17.04.2018

e-evidence: Grenzüberschreitender Datenzugriff führt zu Haftungsproblematik

Die Europäische Kommission hat am Dienstag, den 17. April, einen konkreten Vorschlag dazu präsentiert, wie Strafverfolgungsbehörden künftig grenzüberschreitend Zugriff auf elektronische Beweismittel („e-evidence“) erhalten könnten. Geht es nach der Kommission, sollen Anfragen im Regelfall binnen 10 Tagen und im Notfall binnen sechs Stunden beantwortet werden – für alle Unternehmen die ihre Dienste innerhalb der EU anbieten, unabhängig davon, wo sich die Daten oder die Unternehmen befinden.
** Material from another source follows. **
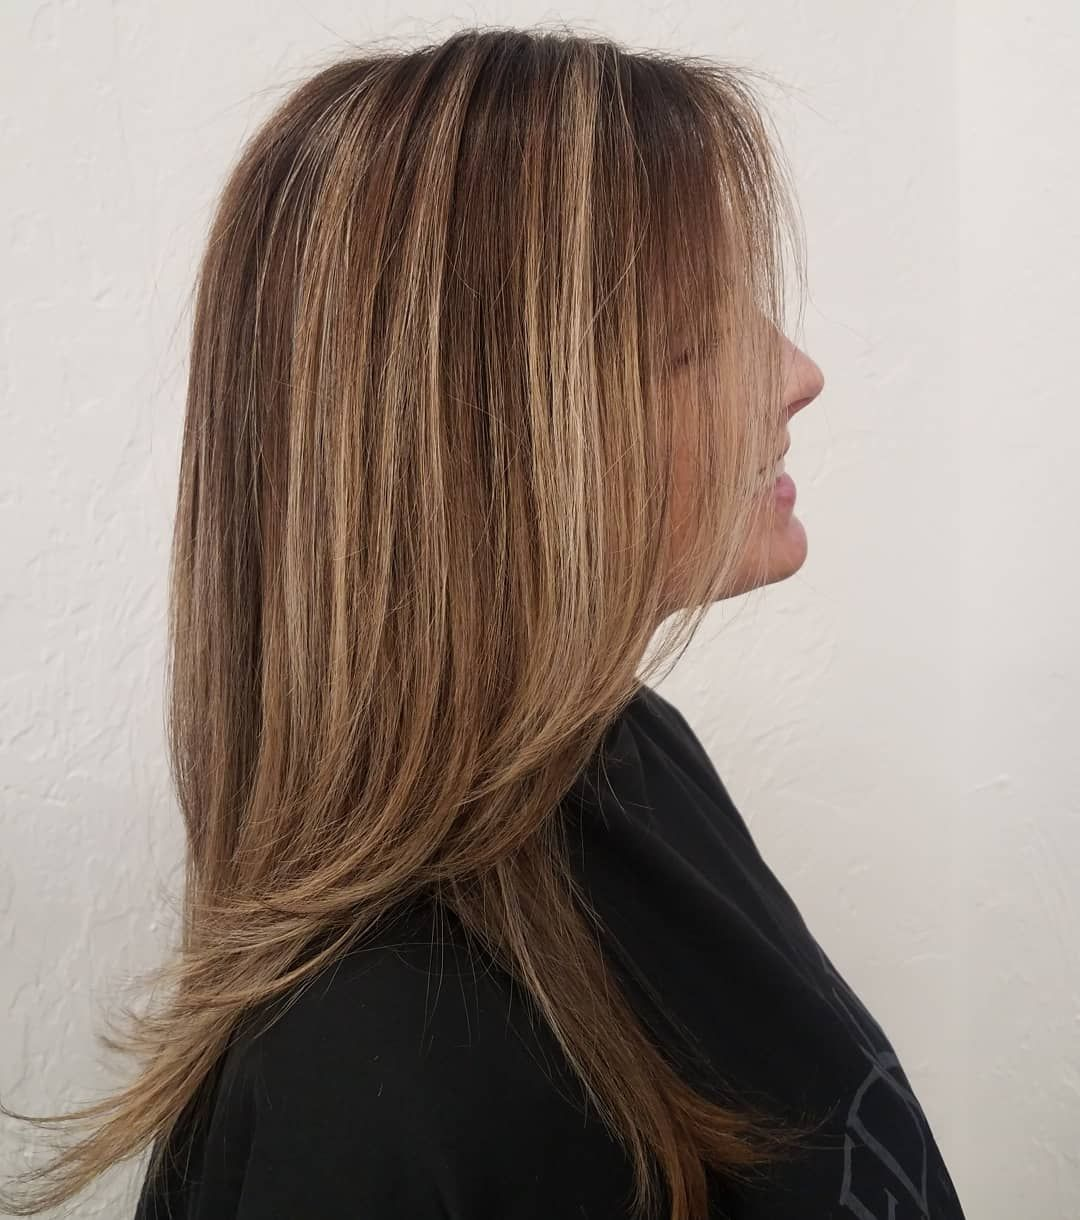 Friyay Studiork Redkenobsessed Redken Samvillahair Fortmyershairstylist Swfl Meganknighthair Hairgoals Keras Long Hair Styles Hair Styles Hair

Bislang wurden zur Herausgabe elektronischer Beweismittel die Mechanismen für justizielle Zusammenarbeit wie das EU-US-Rechtshilfeabkommen oder der bilateralen, gegenseitigen Anerkennung in Strafsachen genutzt. Dieser internationale Rechtsweg, der bis zu 10 Monate dauern kann, gilt als zu langwierig für Kommunikationsdaten, die teilweise nur wenige Wochen gespeichert werden.

Mit dem vorgeschlagenen Verfahren könnte künftig jeder Diensteanbieter von allen anderen 27 Mitgliedsstaaten kontaktiert und zur Herausgabe oder Speicherung von Daten verpflichtet werden.

Von den neuen Regeln sollen neben Kommunikationsdiensten auch soziale Medien, Cloud-Dienste, Domain-Registrierungsstellen und Registrare betroffen sein.

Die wichtigsten Inhalte des e-evidence -Vorschlags auf einen Blick:

  • “European Production Orders”: Diese wird einer Justizbehörde in einem Mitgliedstaat erlauben, elektronische Beweismittel (wie E-Mails, Texte oder Nachrichten in Apps) direkt von einem Service-Provider herauszuverlangen, der Dienste in der Union anbietet und in einem anderen Mitgliedstaat niedergelassen oder vertreten ist, ohne Rücksicht auf den Speicherort der Daten. Diese werden verpflichtet, binnen 10 Tagen zu antworten und in sechs Stunden in dringenden Fällen (anders als bisher 120 Tage bei der Europäische Ermittlungsanordnung oder zehn Monate beim Rechtshilfeverfahren (MLAT).)
  • “European Preservation Order”: Diese wird einer Justizbehörde in einem Mitgliedstaat erlauben, einen Service-Provider, der Dienste in der Union anbietet und in einem anderen Mitgliedstaat niedergelassen oder vertreten ist, zu verpflichten, bestimmte, zum Zeitpunkt des Erhalts der EPO existierende Daten aufzubewahren, um der Behörde zu ermöglichen, diese Daten später mit Hilfe einer Europäische Ermittlungsanordnung, einem Rechtshilfeverfahren oder einer „European Production Order“ herauszuverlangen.
  • verpflichtet Service-Provider einen gesetzlichen Vertreter in der Union zu benennen: Um sicherzustellen, dass alle Service-Provider, die ihre Dienste in der Europäischen Union anbieten, Adressat derselben Verpflichtungen sind, auch wenn sie ihre Hauptsitze in Drittländern haben, werden sie verpflichtet, einen gesetzlichen Vertreter für die Union zu benennen, um den Eingang, die Einhaltung und Durchsetzung von Entscheidungen und Anordnungen von verantwortlichen Behörden der Mitgliedstaaten – die den Zweck haben, Beweise in Strafverfahren zu sammeln – zu gewährleisten.

eco kritisiert die vorgeschlagenen Maßnahmen; auch wenn in einem ersten Anlauf nur „schwere Straftaten“ von einer Begründung umfasst werden sollen, so kann eine unausgereifte Regelung in einem zweiten Schritt schnell zur breiteren Anwendung führen. eco wird mit einer Stellungnahme auf den EU-Vorschlag zu e-evidence reagieren.

Das Thema wird auf der EU-USA-Ministertagung am 22. und 23. Mai in Sofia weiterverhandelt.